Data to use
[Start of Attachment]

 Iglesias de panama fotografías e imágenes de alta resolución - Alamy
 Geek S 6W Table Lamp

[End of Attachment]
[Start of Attachment]

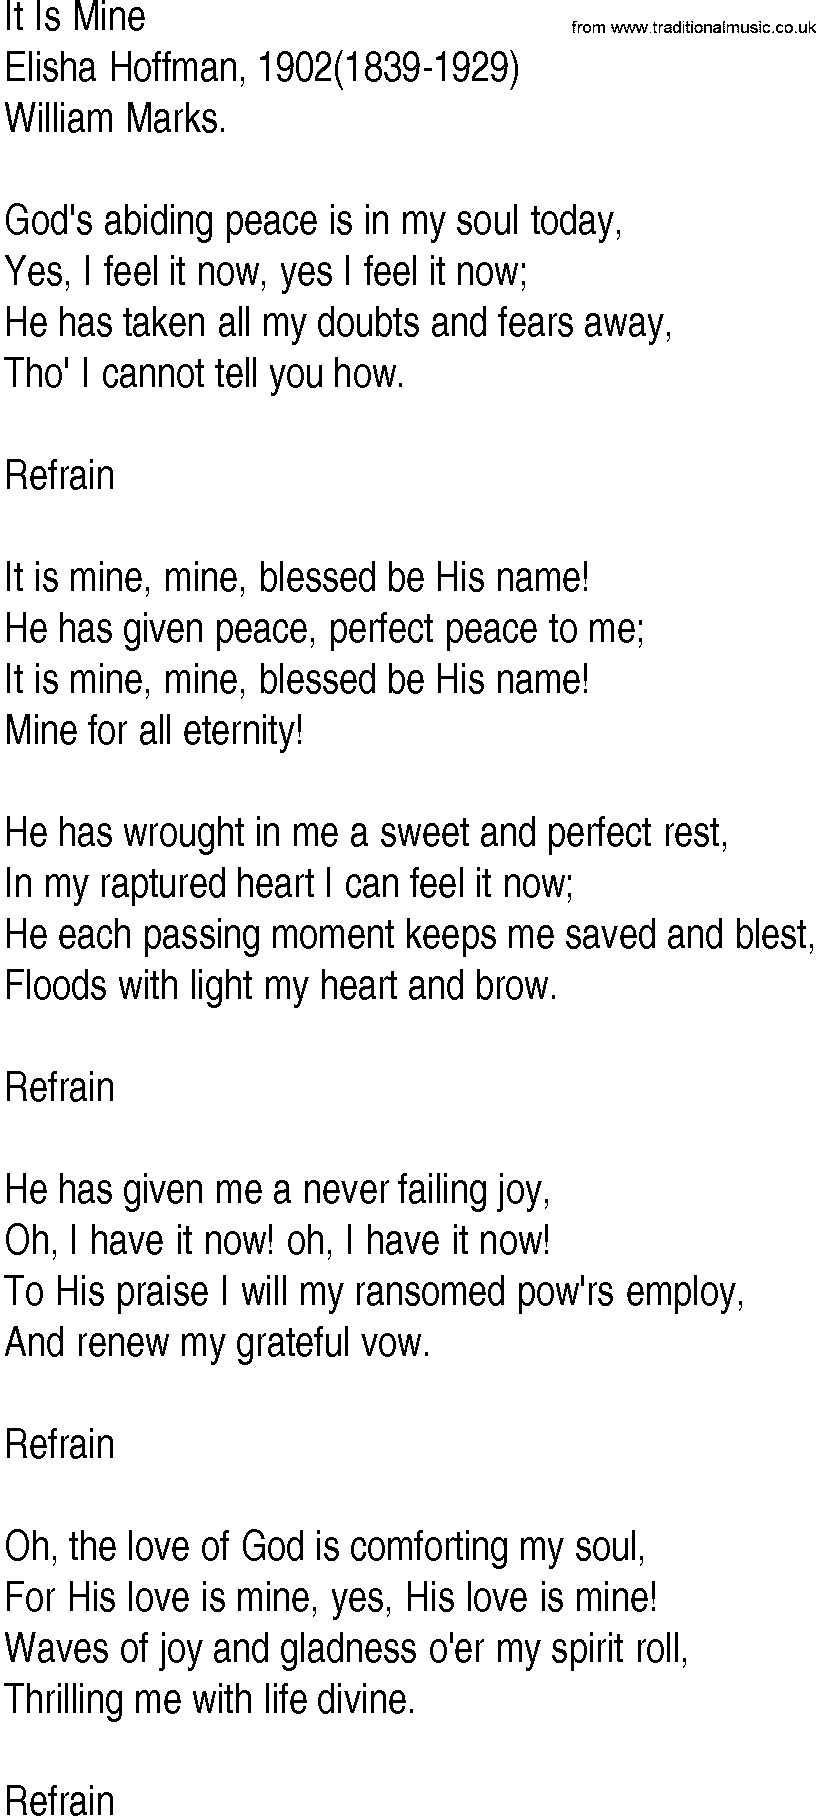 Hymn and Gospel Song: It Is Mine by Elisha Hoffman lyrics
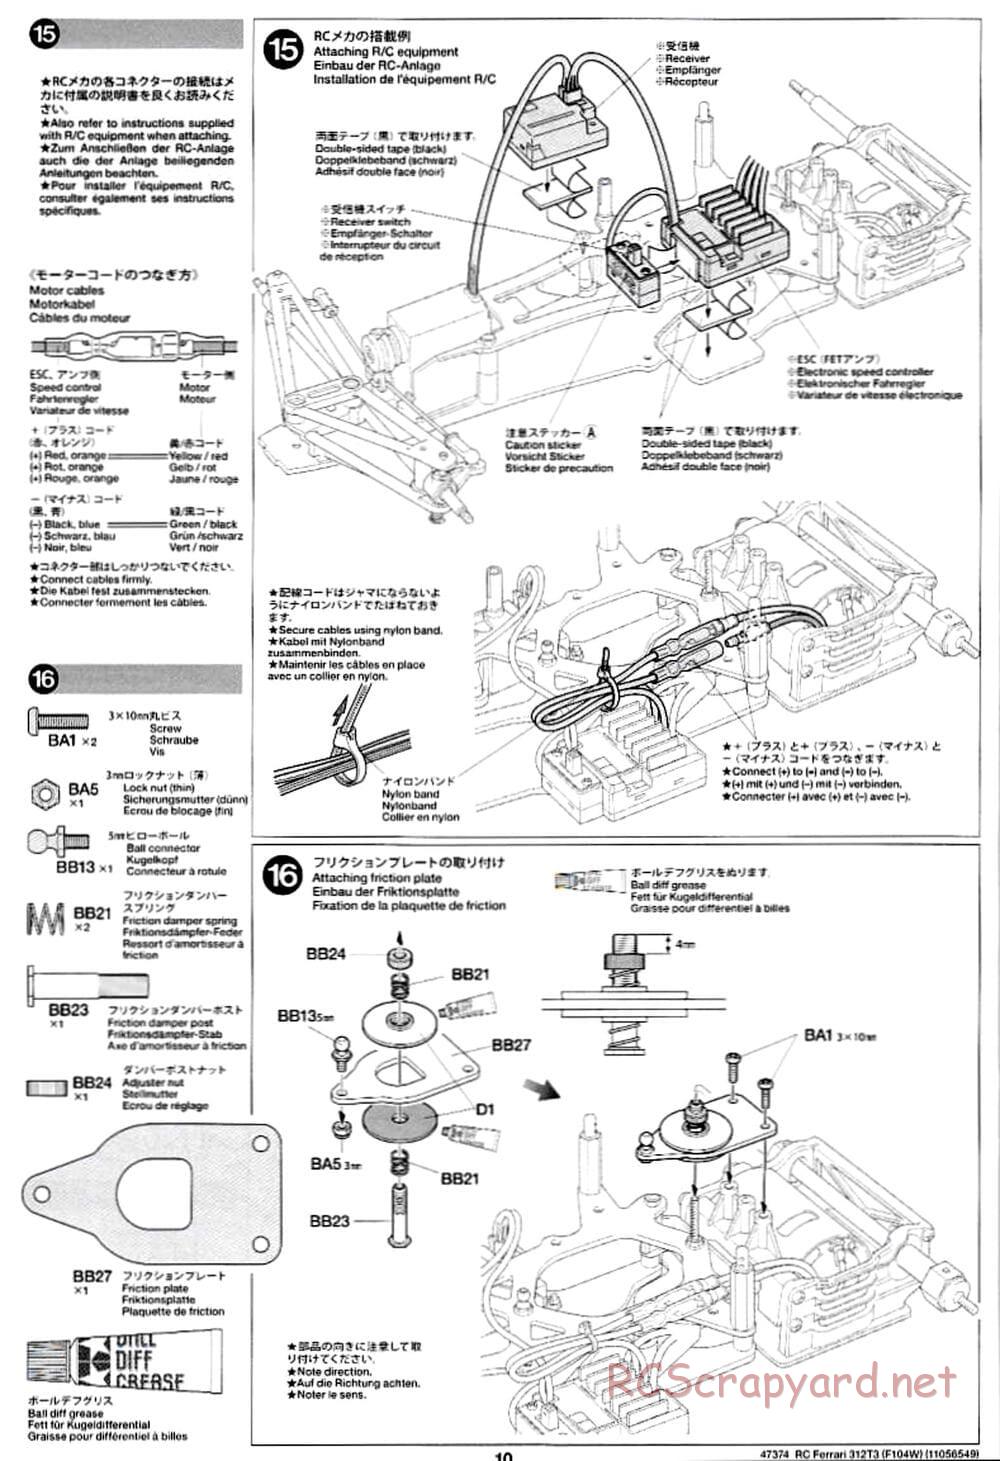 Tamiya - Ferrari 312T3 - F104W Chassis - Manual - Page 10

[End of Attachment]

Task requirements
Look above for the line containing "Hymn and Gospel", then write out every line from there down to the line containing "Tamiya - Ferrari", that line included, with no pictures.

Solution to this problem
 Hymn and Gospel Song: It Is Mine by Elisha Hoffman lyrics
 Tamiya - Ferrari 312T3 - F104W Chassis - Manual - Page 10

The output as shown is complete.